For transfers from the EEA/UK, we rely on Standard Contractual Clauses (SCCs) or equivalent safeguards provided by our service providers to ensure adequate protection of your personal data.
11. Children’s Privacy
TeacherForge is designed for adult educators. The Service is not directed at children under 13 years of age, and we do not knowingly collect personal information from children under 13. If we learn that we have collected personal data from a child under 13, we will delete it promptly. If you believe a child has provided us with personal information, please contact us at .
12. Data Breach Notification
In the event of a personal data breach that is likely to result in a risk to your rights and freedoms, we will notify affected users by email without undue delay and, where required by law (such as GDPR Art. 33), notify the relevant supervisory authority within 72 hours of becoming aware of the breach.

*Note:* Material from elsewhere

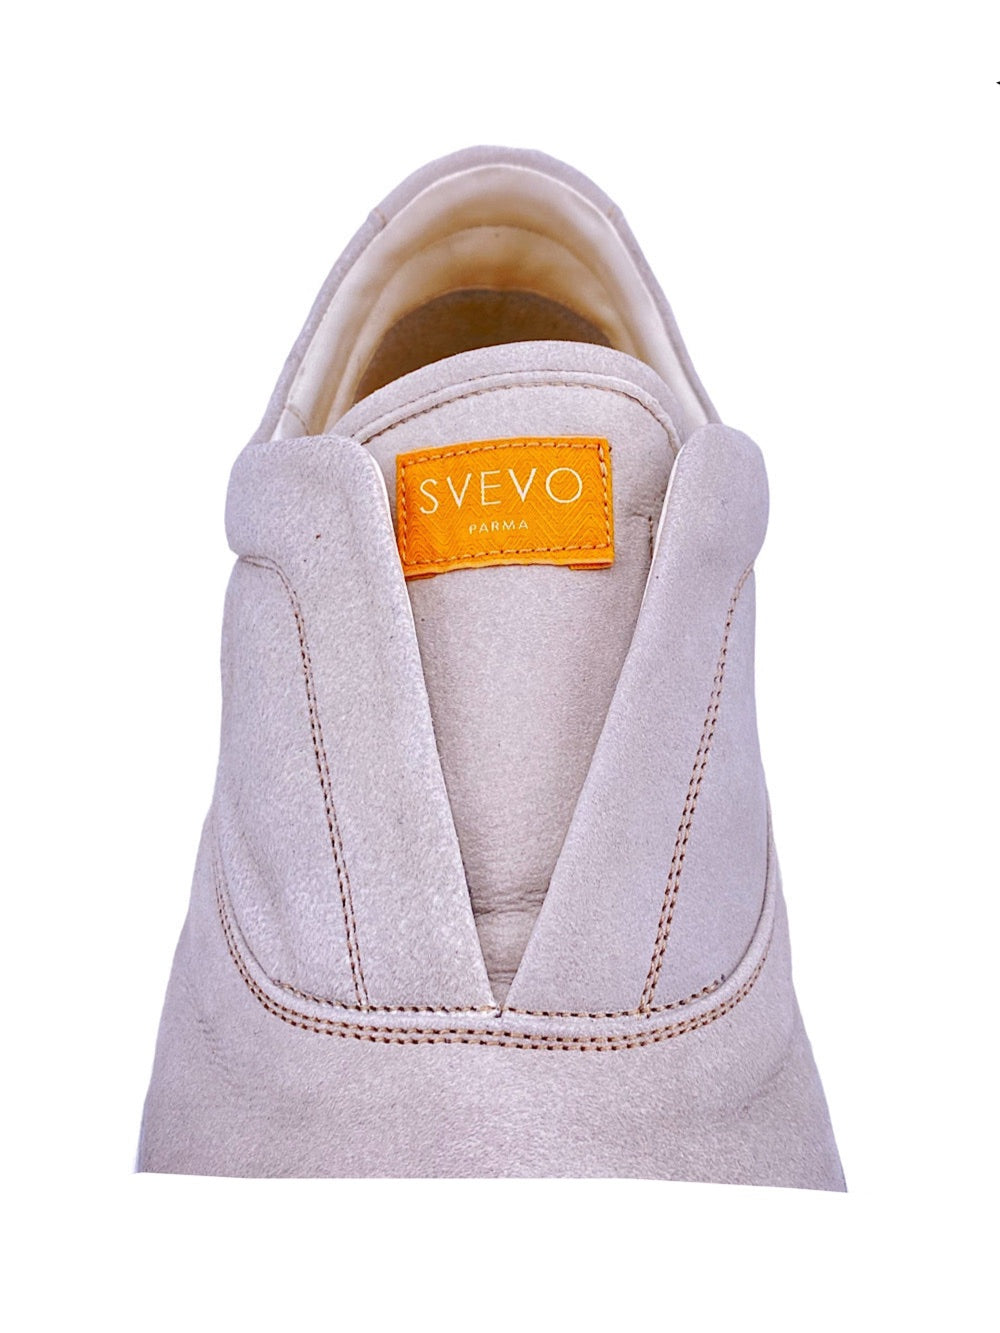 Svevo white suede slip on sneaker

13. Changes to This Policy
We may update this Privacy Policy from time to time. When we make material changes, we will notify you by email or by posting a notice on the Service and updating the “Last updated” date at the top of this page. We encourage you to review this Policy periodically.
14. Contact
For any privacy-related questions, data requests, or concerns:
If you are in the EEA and are unsatisfied with how we handle your data, you have the right to lodge a complaint with your local data protection supervisory authority.